Pick LangGraph when:
- Your workflow has defined stages that must run in a specific order
- You need human approval before irreversible actions (sending emails, writing to databases)
- You want to replay or debug a specific run via checkpoints
- You're already in the LangChain / LangSmith ecosystem
- You're building a production system where non-determinism is a bug, not a feature
Pick AutoGen when:
- You're prototyping and want agents talking to each other in 20 lines
- Your task is open-ended enough that rigid graph structure would fight you
- You want Microsoft's active maintenance and enterprise support
- Your agents need to execute and iterate on code (AutoGen's
CodeExecutorAgentis excellent) - You're building a research demo, internal tool, or early-stage product
Use both when: you want LangGraph for the outer orchestration loop (state, checkpoints, routing) and AutoGen's CodeExecutorAgent as a tool node inside a LangGraph graph. This is uncommon but it works.
FAQ
Q: Is LangGraph harder to learn than AutoGen?
A: Yes, meaningfully so. LangGraph requires understanding graphs, typed state, and conditional edges before you write anything useful. AutoGen's conversation model maps to how most developers already think. Budget an extra day for LangGraph's learning curve.

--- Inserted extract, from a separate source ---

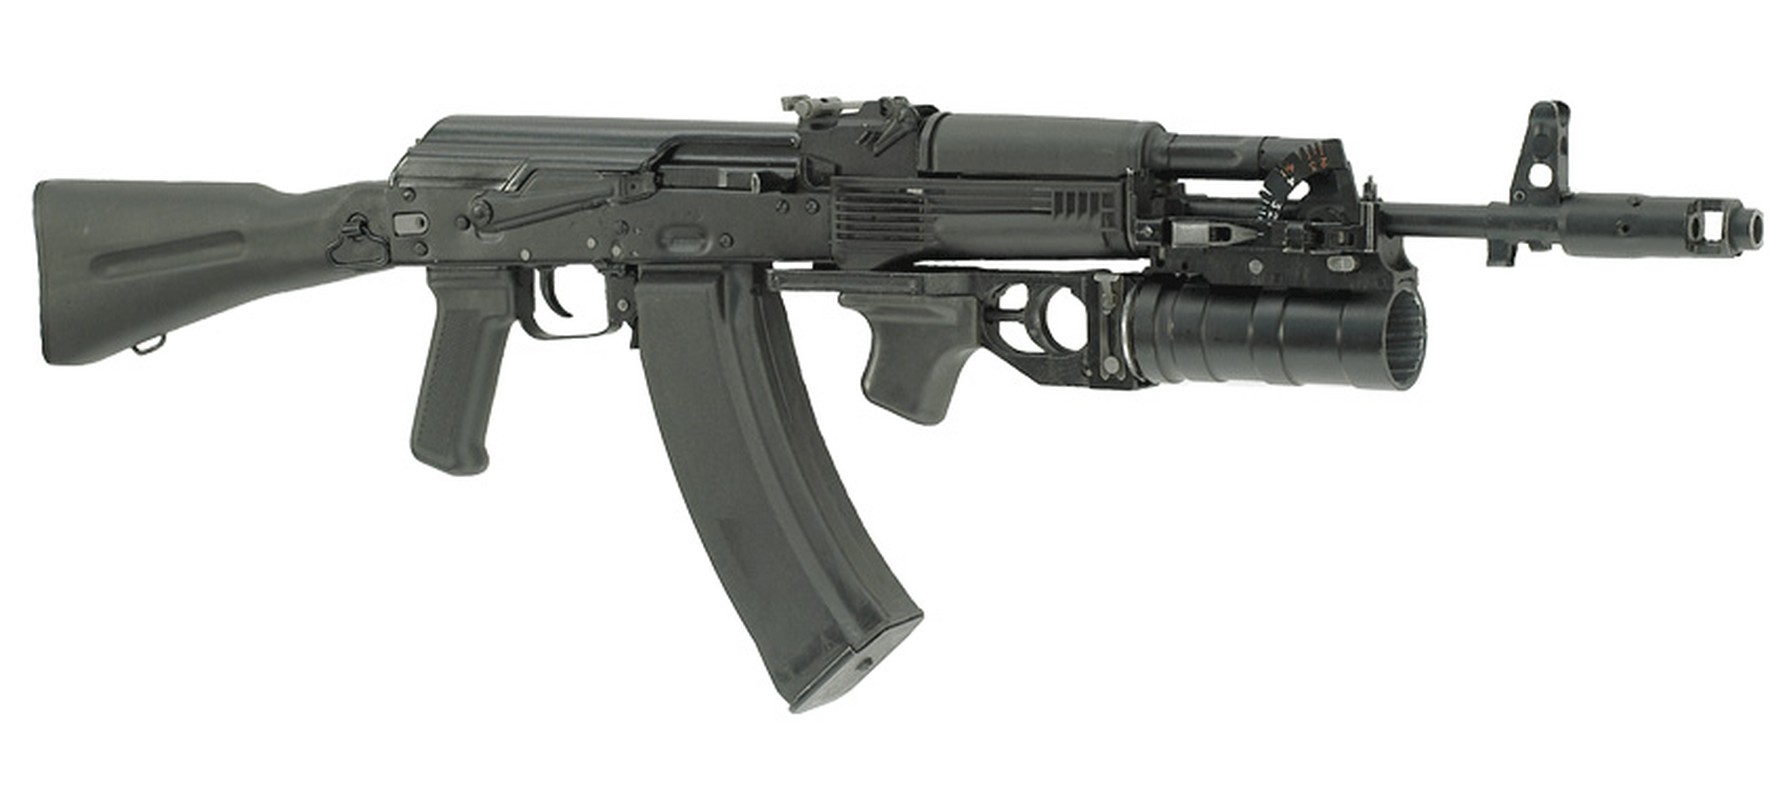 Nam 2019, sung AK-74 van dem loi nhuan “khung” cho nuoc Nga-Hinh-8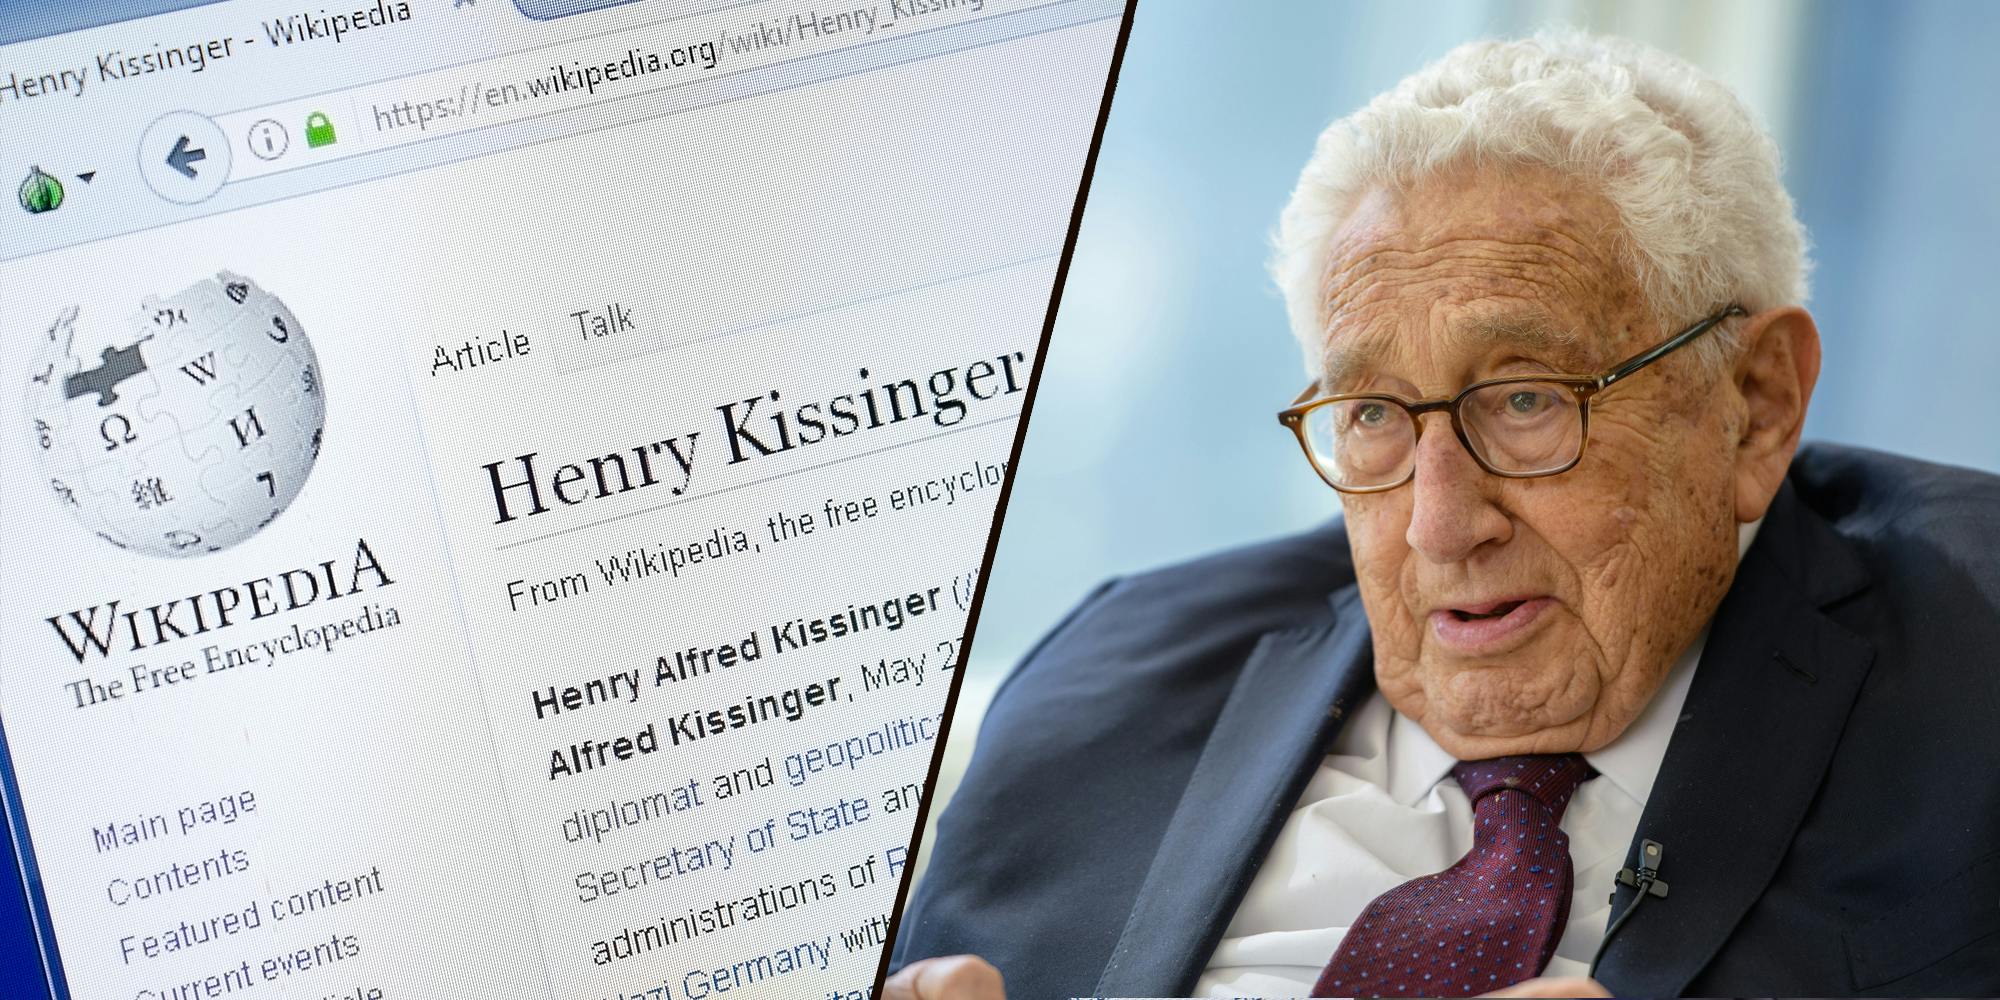 Henry Kissinger Wikipedia article on computer screen (l) Henry Kissinger in front of light blue background (r)

Q: Can I switch from AutoGen to LangGraph later?
A: Your LLM logic (prompts, tools, models) is portable; the orchestration layer is not. Migrating means rewriting how agents coordinate, not rewriting agents themselves. It's a 1–3 day project for a small pipeline.
Q: Which has better community support in 2026?
A: Both are active. LangGraph has ~7k GitHub stars and tight integration with LangSmith for observability. AutoGen has ~40k stars and Microsoft's backing. For enterprise support, AutoGen has the edge. For LangChain-native teams, LangGraph is the obvious choice.
Q: Does either support local models like Ollama?
A: Yes. LangGraph works with any LangChain-compatible LLM, including ChatOllama. AutoGen 0.4 supports Ollama via OllamaChatCompletionClient in autogen-ext. Both are fully local-capable.